What does he mean by ‘best bets’? ‘Over the last 18 months a colleague and I have been looking at the choices teacher educators make in designing various teacher development programmes. We’ve interviewed people in training organisations and schools in China, Columbia, Denmark, India, Australia, the US and here in the UK to try and uncover the choices different providers are making, eg how generic or subject-specific are the programmes, are they prioritising achievement, or the progress the teachers are making?’

‘We started out with three hypotheses:

  1. All the time, teacher educators are making choices about what works in training. ‘We use the word bet because it suggests an informed punt. You look at the best available data and make the best choice you can. Each time we make a bet there’s an opportunity cost – something we didn’t choose.
  2. These bets are often unintentional. We haven’t thought hard enough about the choices available and the opportunity costs that come with them. We’re vague. The choice is made somewhere down the line about what goes into that CPD session; but how thought through was that?’
  3. As a result, leadership teams and teachers are often not aligned in those design choices. Too often, even in the same school they do not agree with each other about what they should be doing, and how. For the teachers on a given programme that’s confusing.’

In his presentation to the SSAT national conference (Manchester, 30 November – 1 December), Matt Hood will be discussing these best bets and sharing some of the contrasting views and experiences of the people who have made very different design choices in this area. He thinks such disagreement is healthy: ‘if people disagree with us (or any of the voices I’m going to try and bring into the discussion), that’s brilliant. By disagreeing, they will be more intentional and alive.’

Aligning thinking and practice

But he does believe that if educators are more ‘intentional’ and clearer about their bets, they are more likely to be successful. These people have good conversations with colleagues about why they are making their bets, and become aligned in their thinking and practice. Then, things get better, wherever on the spectrum their bets lie, Matt Hood believes.

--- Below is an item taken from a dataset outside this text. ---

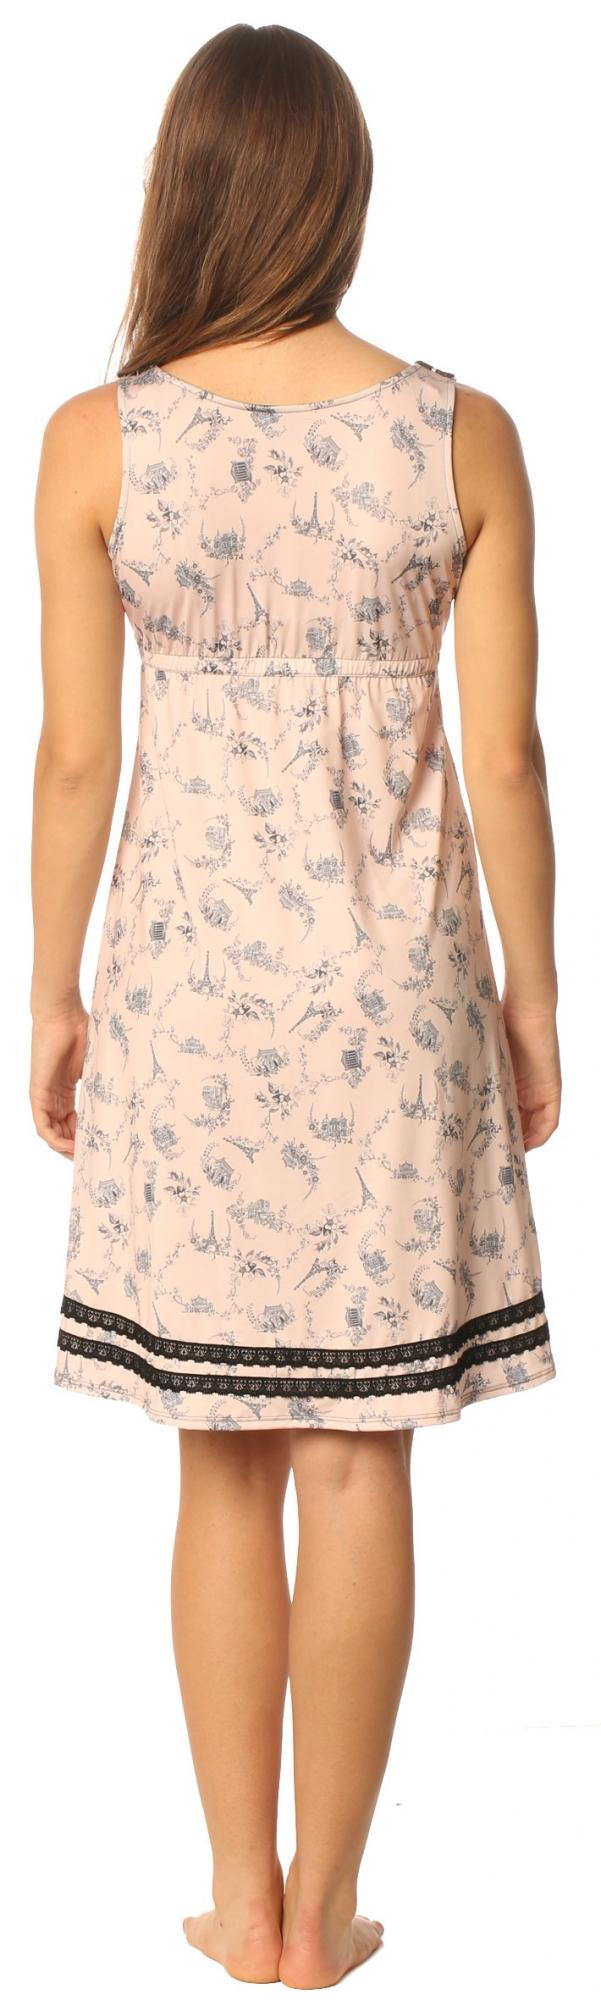 Majamas Celia Nursing Dress/Gown

In reality many education establishments operate on the basis of momentum and inertia: they keep doing the things they’re always done. For example, ‘schools are still behaving as if one-off twilight sessions are the right way to run CPD, when we know they’re not. And they are not intentional about the time, progress vs mastery and other criteria of good quality challenge for training and development.’

A more productive approach, he maintains, is for educators to discuss and debate different aspects of what they are doing against the design choices available to them. They already do this in relation to the classroom: ‘any great school cares deeply about what the kids are learning, the instructional methods being used, and the quality of the teachers.’

Aligning teacher training with student teaching

‘My argument is that teacher educators need to care as deeply about these questions, in relation to teachers, as schools do in relation to students. We do not accept a level of unintentional behaviour for pupils – but we do for teachers, it seems. That is partly what causes poor CPD.

‘I’ve worked in very challenging schools and seen how they get better through following these three choices: making best bets about their CPD; establishing intentional direction; and aligning their practice.’

Schools often have the right ideas, he maintains, but they’re struggling to implement them consistently, partly through a lack of confidence and clarity about whether they are doing ‘the right thing’. So they should accept that there is no certainty about what is ‘best’: they should agree their own best bets, and implement them consistently.

Matt Hood is speaking on the main stage at the SSAT National Conference on Friday afternoon.